In 1952, the Nearings decided that their dream of a communal existence in Vermont would not come to fruition, so they moved to Brooksville, Maine. With the development of a ski area at nearby Stratton Mountain, the Nearings' 750 acre Vermont farm had increased in value from $2.75 an acre to $8,000 per acre, meaning the land they had purchased for about $2,000 was worth at least $6 million. Deciding they had done nothing to justify the increase, before moving to Maine the Nearings donated the land to the town of Stratton for use as a municipal forest.

In 1954 he co-authored Living the Good Life: How to Live Simply and Sanely in a Troubled World with his second wife, Helen Nearing. The book, in which war, famine, and poverty were discussed, described a nineteen-year "back to the land experiment," and also advocated modern-day "homesteading" and vegan organic gardening. The book became one of the main influences which inspired many young Americans, and others in countries such as Australia, to take part in the back to the land movement of the late 1960s and 1970s.

In the winter of 1956–57, the couple toured Canada, Southeast Asia, the Middle East, and Europe, generating a book about their experiences called Socialists Around the World. The following winter, with their passports issued in 1956 nearing expiration, they embarked upon a trip through the Soviet Union and the People's Republic of China. The pair visited Leningrad, Moscow, Stalingrad, Baku, Tashkent, and Irkutsk, touring schools and universities, apartment buildings in the process of construction, factories, and collective farms in the course of their trip. In China they saw Peking (Beijing), Wuhan and Nanking. They returned to Brooksville to write a book on their experiences, The Brave New World. The two countries were characterized in the travelogue as "peaceful socialist giants":

The pro-peace attitude of the people of the Soviet Union and People's China is not based on fear of war but on confidence in their theory and way of life. One Soviet trade unionist put the matter to us in this way. "We are not afraid of war. We have been through it and survived its cruelties and horrors. We know that we can take it. Just because we have been through it and suffered from it, we know how terrible war is. It wastes materials, but worse than that, it squanders human idealism, energy, wealth and life. Still worse, those of us who are trying to build a socialist society are diverted and preoccupied by war. We know from bitter experience that if we are to engage in socialist construction we cannot fight wars. War is a full-time occupation."

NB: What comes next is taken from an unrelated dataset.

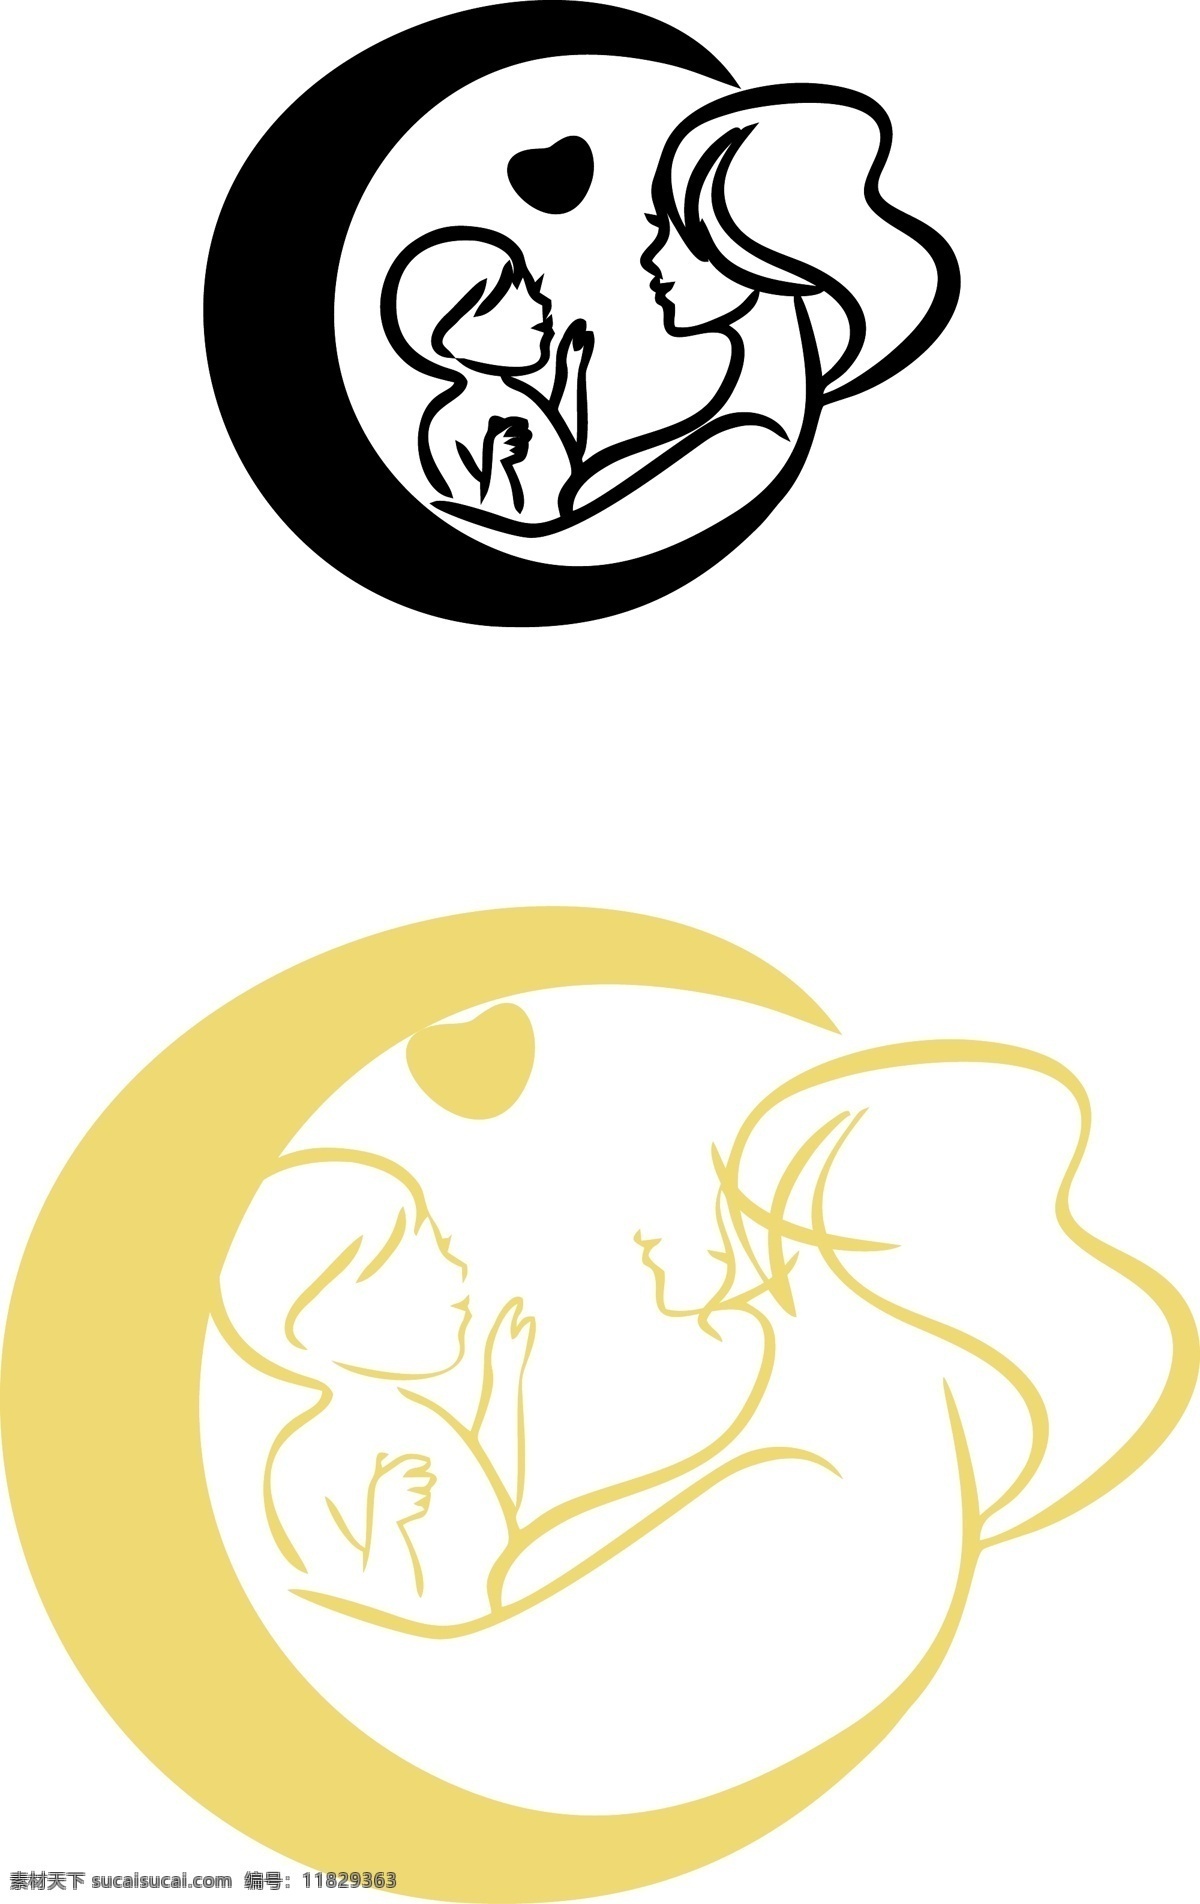 育儿logo 母婴logo 月儿圆 母亲logo 婴儿 母婴 logo设计 logo 奶粉logo logo母婴 月儿 圆 矢量母婴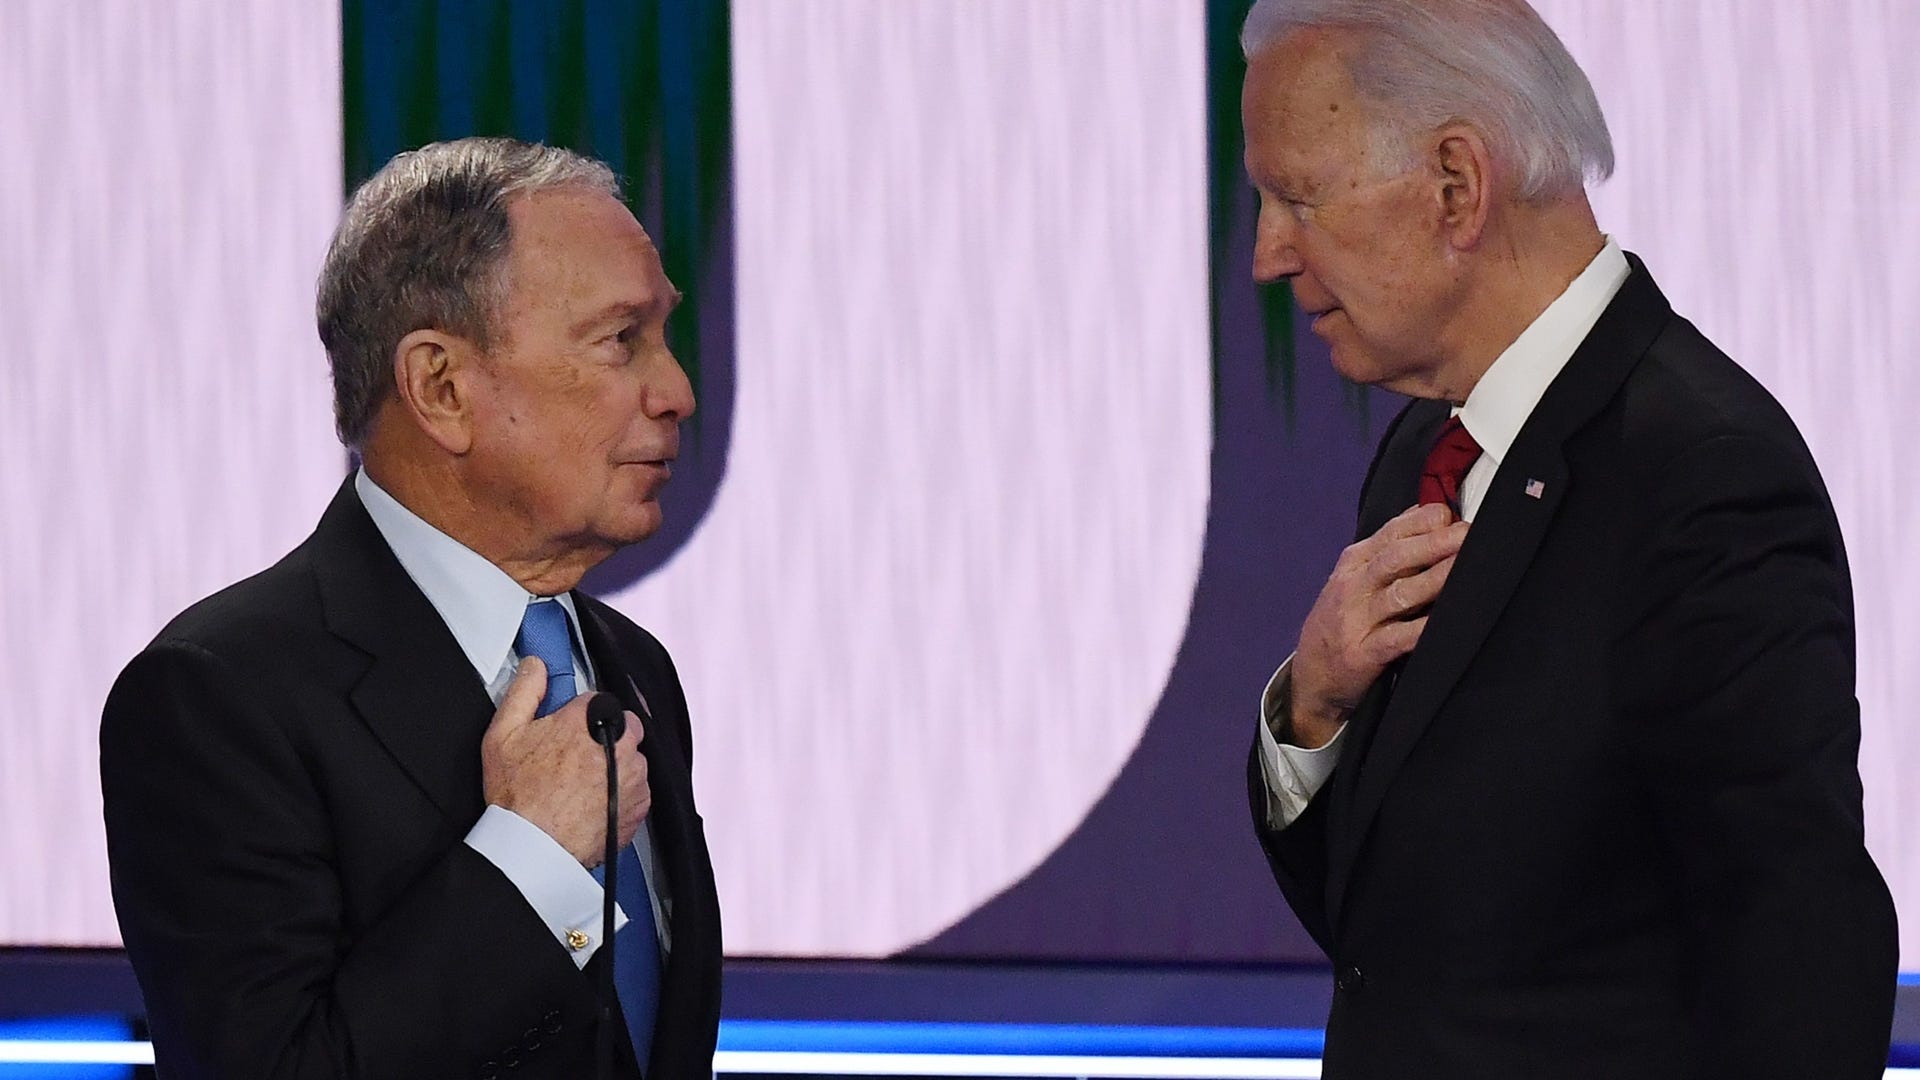 ​Michael Bloomberg and Joe Biden

After their travels to the USSR and China, New Century Publishers produced Nearing's pamphlets on Eastern Europe and Cuba in 1962 and 1963.

===Vietnam era and thereafter===
As the Vietnam War took center stage in the mid-1960s, and as a large back-to-the-land movement developed in the U.S., a renewed interest in Nearing's work and ideas occurred. Hundreds of anti-war believers flocked to Nearing's home in Maine to learn homesteading practical-living skills, some also to hear a master radical's anti-war message.

In 1968, Nearing signed the "Writers and Editors War Tax Protest" pledge, vowing to refuse tax payments in protest against the Vietnam War.

In 1973, the University of Pennsylvania formally reversed its dismissal of Nearing in 1915 by awarding him the title of Honorary Emeritus Professor of Economics. During this time, Nearing praised Albania and described its people as "rested, secure, hopeful, cheerful," adding that "they are building solidly and fundamentally for a better future."

Nearing appears in the film Reds (1981) as one of the many documentary "witnesses", telling stories about his friend John Reed and the days leading up to the Russian Revolution.

== Vegetarianism ==
Scott Nearing became a vegetarian in 1917. Nearing was a vice president of the International Vegetarian Union. He was a regular speaker at the conferences held by the International Vegetarian Union. He spoke at the events in the 1950-1960s, in 1973 in Sweden, and in 1975 in Orono, Maine.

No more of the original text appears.